The Gates of Alexander, also known as the Caspian Gates, were several mountain passes that came to be associated with Alexander the Great. Only the passage at Rhagae between Media and Parthia, which Alexander crossed while pursuing Darius III, is said to be linked with the historical Alexander.

In later literature, the Caspian Gates has also been identified with two other locations: the Pass of Derbent, Russia, or with the Pass of Dariel, a gorge forming a pass between Russia and Georgia with the Caspian Sea to the east. Tradition also connects it to the Great Wall of Gorgan (Red Snake) on its south-eastern shore. These fortifications were historically part of the defence lines built by the Sassanid Persians, while the Great Wall of Gorgan may have been built by the Parthians.

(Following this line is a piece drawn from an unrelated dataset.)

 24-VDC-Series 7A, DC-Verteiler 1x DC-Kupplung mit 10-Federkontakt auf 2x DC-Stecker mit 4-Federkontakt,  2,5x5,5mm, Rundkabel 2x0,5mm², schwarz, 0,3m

In the 7th-century Christian Alexander Legend the gates were supposedly transformed to a wall built by Alexander in the Caucasus to keep the apocalyptic nations of Gog and Magog. A similar narration is mentioned in al-Kahf ("The Cave"), the 18th chapter of the Quran. According to the Quranic narrative, Gog and Magog ( ) were walled off by Dhu al-Qarnayn ("possessor of the Two Horns"), a righteous ruler and conqueror who reached the west and the east. The barrier was constructed with melted iron sheets and covered with copper.

Literary background

The name Caspian Gates originally applied to the narrow region at the southeast corner of the Caspian Sea, through which Alexander actually marched in the pursuit of Darius III, although he did not stop to fortify it. The name was transferred to the passes through the Caucasus, on the other side of the Caspian, by the more fanciful historians of Alexander.

Pliny the Elder (23 AD – 25 August 79 AD) in his [[Natural_History_(Pliny)|Natural History]] criticises this error, and distinguishes the Gates of the Caucasus from the true Caspian Gates through which Alexander passed. He describes the Gates of the Caucasus as a vast natural feature in a mountain chain rent asunder. Here, he says gates with iron covered beams have been placed above a horribly odorous river, along with a fortress to bar the passage of the innumerable tribes. These gates divide the world into two portions.

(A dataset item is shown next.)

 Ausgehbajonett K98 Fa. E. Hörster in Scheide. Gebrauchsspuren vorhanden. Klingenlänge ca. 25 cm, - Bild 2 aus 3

Josephus, a Jewish historian in the 1st century, gives the first extant reference to gates constructed by Alexander, designed to be a barrier against the Scythians. According to this historian, the people whom the Greeks called Scythians were known (among the Jews) as Magogites, descendants of Magog in the Hebrew Bible. These references occur in two different works. The Jewish War states that the iron gates Alexander erected were controlled by the king of Hyrcania (on the south edge of the Caspian), and allowing passage of the gates to the Alans (whom Josephus considered a Scythic tribe) resulted in the sack of Media. Josephus's Antiquities of the Jews contains two relevant passages, one giving the ancestry of Scythians as descendants of Magog
son of Japheth, and another that refers to the Caspian Gates being breached by Scythians allied to Tiberius during the Armenian War.

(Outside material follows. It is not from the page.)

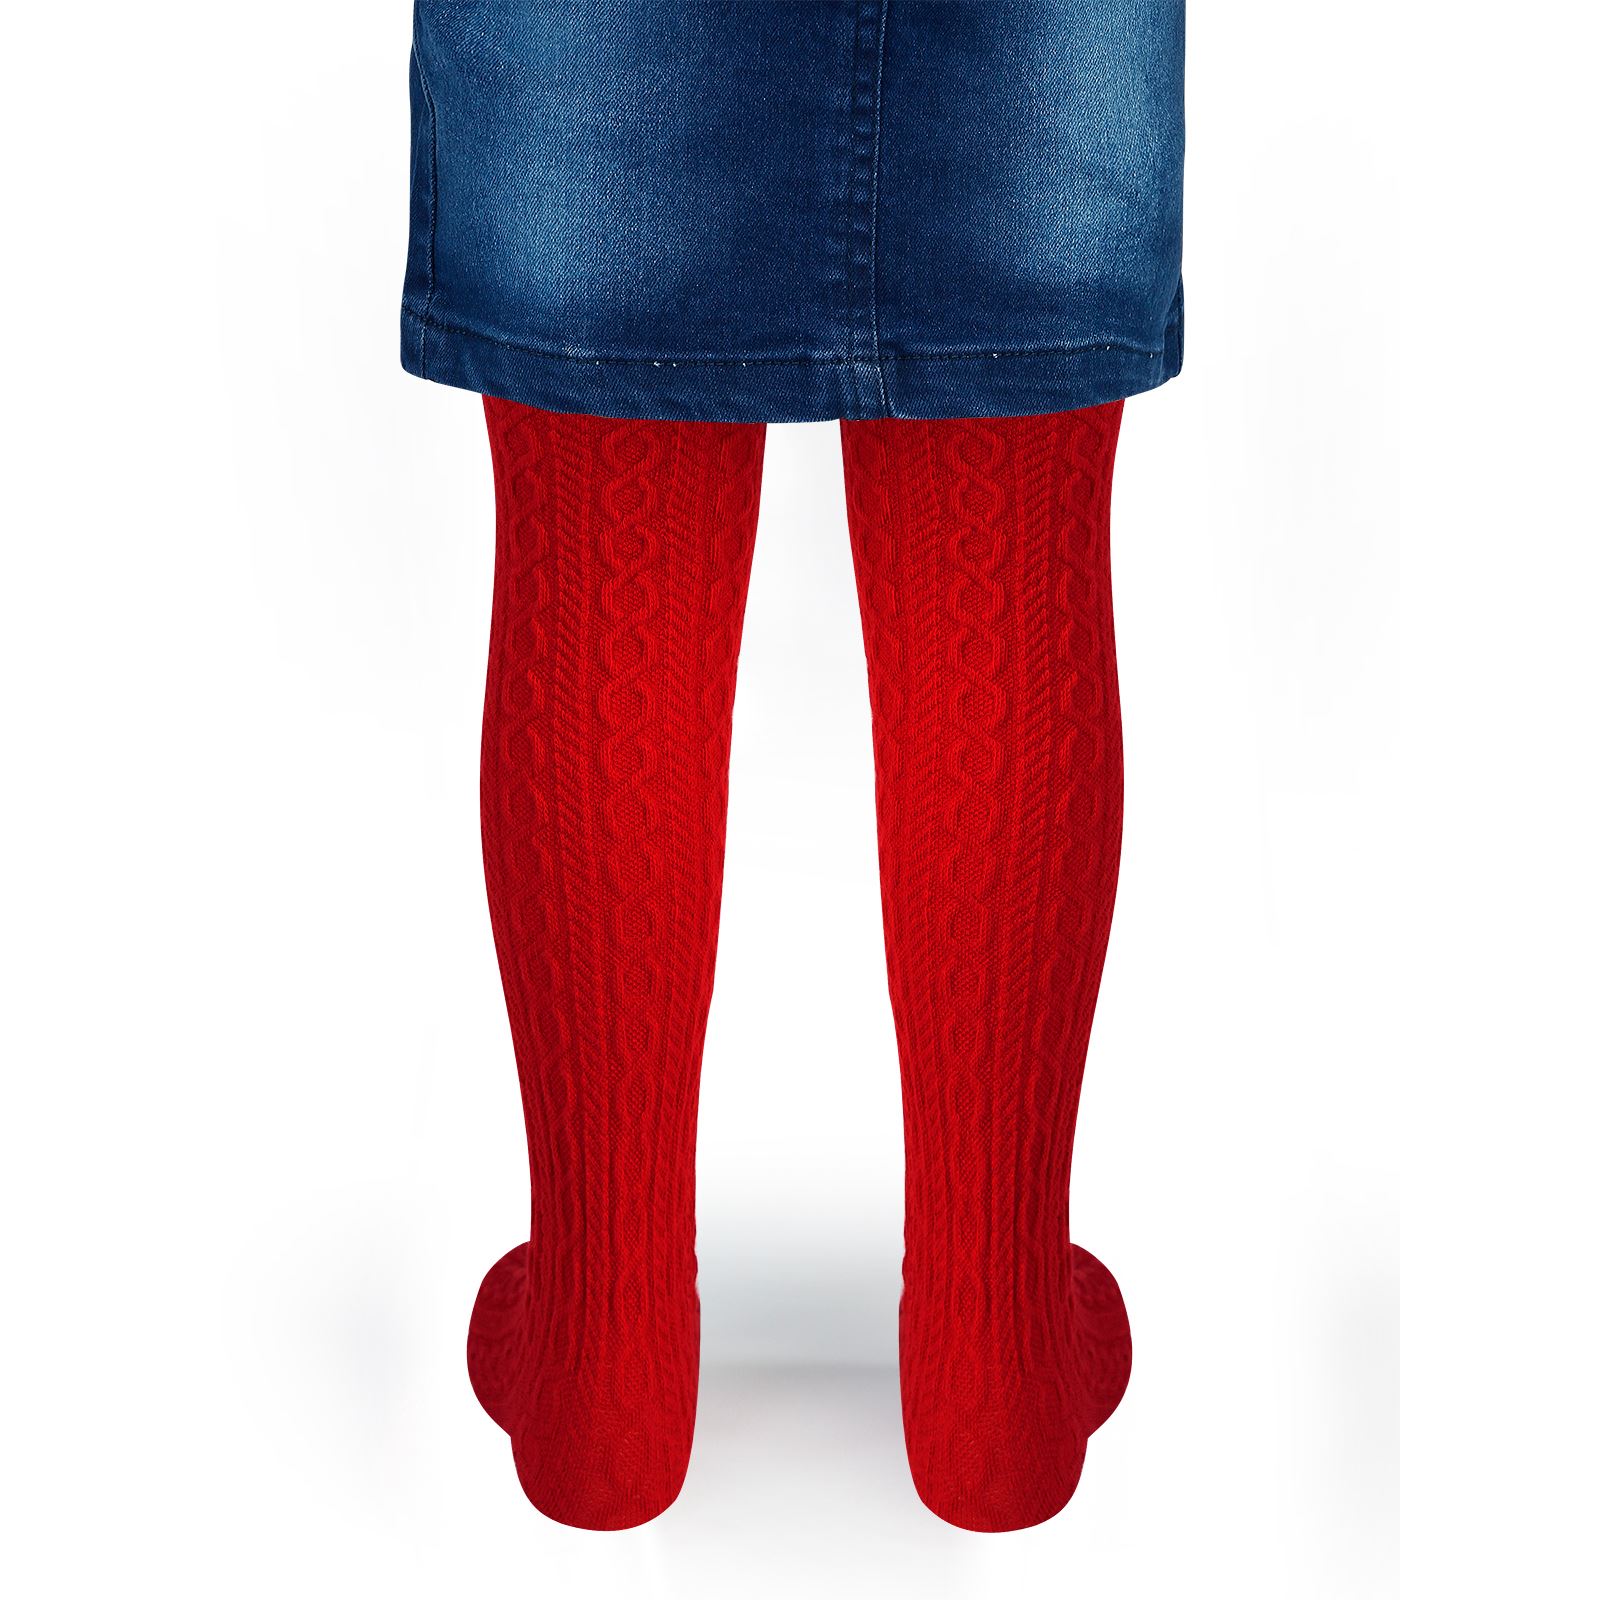 Bella Calze Kız Çocuk Külotlu Çorap 2-11 Yaş  Kırmızı

The Gates are also mentioned in Procopius' History of the Wars: Book I. Here they are mentioned as the Caspian Gates and they are a source of diplomatic conflict between the Byzantines and the Sassanid Persians. When the current holder of the gates dies, he bequeaths it to Emperor Anastasius. Anatasius, unable and unwilling to finance a garrison for the gates, loses them in an assault by the Sassanid King Cabades (Kavadh I). After peace, Anastasius builds the city of Dara, which would be a focus point for war during the reign of Justinian and site of the Battle of Dara. In this war, the Persians once again bring up the gates during negotiations, mentioning that they block the pass to the Huns for the benefit of both Persians and Byzantines, and that the Persians deserve to be compensated for their service. 

The Gates occur in later versions of the Alexander Romance of Pseudo-Callisthenes, in the interpolated chapter on the "Unclean Nations" (8th century). This version locates the gates between two mountains called the "Breasts of the North" (). The mountains are initially 18 feet apart and the pass is rather wide, but Alexander's prayers to God causes the mountains to draw nearer, thus narrowing the pass. There he builds the Caspian Gates out of bronze, coating them with fast-sticking oil. The gates enclosed twenty-two nations and their monarchs, including Goth and Magoth (Gog and Magog). The geographic location of these mountains is rather vague, described as a 50-day march away northwards after Alexander put to flight his Belsyrian enemies (the Bebrykes, of Bithynia in modern-day North Turkey).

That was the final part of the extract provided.